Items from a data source

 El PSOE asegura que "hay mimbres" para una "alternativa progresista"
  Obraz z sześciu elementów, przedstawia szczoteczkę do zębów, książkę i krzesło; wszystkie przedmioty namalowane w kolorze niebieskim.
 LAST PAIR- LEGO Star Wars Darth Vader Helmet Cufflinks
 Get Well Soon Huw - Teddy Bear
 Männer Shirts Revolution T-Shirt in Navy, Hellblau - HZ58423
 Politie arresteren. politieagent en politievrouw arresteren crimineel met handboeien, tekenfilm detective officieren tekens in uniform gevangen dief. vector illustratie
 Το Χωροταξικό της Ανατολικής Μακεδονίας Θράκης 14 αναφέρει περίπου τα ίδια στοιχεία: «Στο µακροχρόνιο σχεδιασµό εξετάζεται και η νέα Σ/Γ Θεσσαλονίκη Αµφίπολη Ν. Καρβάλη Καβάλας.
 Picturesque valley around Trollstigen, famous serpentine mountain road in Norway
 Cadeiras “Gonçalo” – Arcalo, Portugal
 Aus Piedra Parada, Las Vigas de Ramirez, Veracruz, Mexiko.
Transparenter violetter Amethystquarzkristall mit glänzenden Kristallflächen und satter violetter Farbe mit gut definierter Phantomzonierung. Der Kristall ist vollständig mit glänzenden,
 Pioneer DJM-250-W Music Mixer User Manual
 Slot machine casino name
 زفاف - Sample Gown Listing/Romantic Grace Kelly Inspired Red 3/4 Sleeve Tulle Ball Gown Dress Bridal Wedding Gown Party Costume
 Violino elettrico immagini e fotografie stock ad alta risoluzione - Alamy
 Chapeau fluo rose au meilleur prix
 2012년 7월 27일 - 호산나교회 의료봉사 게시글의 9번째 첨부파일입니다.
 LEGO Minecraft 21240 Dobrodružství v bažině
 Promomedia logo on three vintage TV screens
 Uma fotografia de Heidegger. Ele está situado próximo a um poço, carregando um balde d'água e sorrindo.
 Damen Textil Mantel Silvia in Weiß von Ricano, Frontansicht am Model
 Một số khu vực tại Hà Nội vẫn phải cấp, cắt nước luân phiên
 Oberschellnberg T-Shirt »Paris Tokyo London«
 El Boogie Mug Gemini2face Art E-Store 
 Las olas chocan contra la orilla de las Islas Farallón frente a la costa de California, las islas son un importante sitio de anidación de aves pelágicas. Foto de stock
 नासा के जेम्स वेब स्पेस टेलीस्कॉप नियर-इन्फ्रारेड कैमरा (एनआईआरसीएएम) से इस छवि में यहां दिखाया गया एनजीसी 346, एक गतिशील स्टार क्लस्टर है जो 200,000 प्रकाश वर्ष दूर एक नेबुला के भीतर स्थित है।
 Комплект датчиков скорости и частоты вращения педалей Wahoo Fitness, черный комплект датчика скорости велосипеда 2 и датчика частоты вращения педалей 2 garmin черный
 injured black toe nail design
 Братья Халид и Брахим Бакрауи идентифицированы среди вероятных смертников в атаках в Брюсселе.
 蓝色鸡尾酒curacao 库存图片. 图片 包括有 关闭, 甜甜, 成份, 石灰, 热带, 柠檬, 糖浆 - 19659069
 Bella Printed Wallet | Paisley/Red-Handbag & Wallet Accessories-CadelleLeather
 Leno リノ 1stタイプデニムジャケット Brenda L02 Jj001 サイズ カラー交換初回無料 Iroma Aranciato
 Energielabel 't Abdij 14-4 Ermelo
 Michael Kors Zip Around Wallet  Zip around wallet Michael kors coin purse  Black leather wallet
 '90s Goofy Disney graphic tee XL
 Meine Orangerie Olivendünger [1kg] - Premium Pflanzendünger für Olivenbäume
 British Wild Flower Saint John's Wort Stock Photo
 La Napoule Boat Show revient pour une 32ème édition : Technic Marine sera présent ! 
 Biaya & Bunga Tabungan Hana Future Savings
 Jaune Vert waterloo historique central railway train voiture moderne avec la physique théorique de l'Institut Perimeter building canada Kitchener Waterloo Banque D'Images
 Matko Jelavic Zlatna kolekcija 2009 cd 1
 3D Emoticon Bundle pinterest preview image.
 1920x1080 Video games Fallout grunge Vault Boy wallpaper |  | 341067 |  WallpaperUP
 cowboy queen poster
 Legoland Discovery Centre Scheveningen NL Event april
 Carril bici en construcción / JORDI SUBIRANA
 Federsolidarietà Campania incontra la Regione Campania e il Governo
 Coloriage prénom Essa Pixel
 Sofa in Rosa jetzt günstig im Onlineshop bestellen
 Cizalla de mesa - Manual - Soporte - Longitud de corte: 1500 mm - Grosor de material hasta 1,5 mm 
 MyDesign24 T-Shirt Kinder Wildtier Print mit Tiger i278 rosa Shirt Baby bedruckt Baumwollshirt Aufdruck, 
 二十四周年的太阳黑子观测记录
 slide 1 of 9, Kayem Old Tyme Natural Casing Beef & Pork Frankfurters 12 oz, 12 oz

EXERCISE OBJECTIVE:
Look through the entries above and quote exactly the lines from the line with "2012년 7월 27일 - 호산나교회 의료봉사 게시글의 9번째 첨부파일입니다." to the line with "Một số khu vực", counting both of those lines.

ANSWER SECTION:
 2012년 7월 27일 - 호산나교회 의료봉사 게시글의 9번째 첨부파일입니다.
 LEGO Minecraft 21240 Dobrodružství v bažině
 Promomedia logo on three vintage TV screens
 Uma fotografia de Heidegger. Ele está situado próximo a um poço, carregando um balde d'água e sorrindo.
 Damen Textil Mantel Silvia in Weiß von Ricano, Frontansicht am Model
 Một số khu vực tại Hà Nội vẫn phải cấp, cắt nước luân phiên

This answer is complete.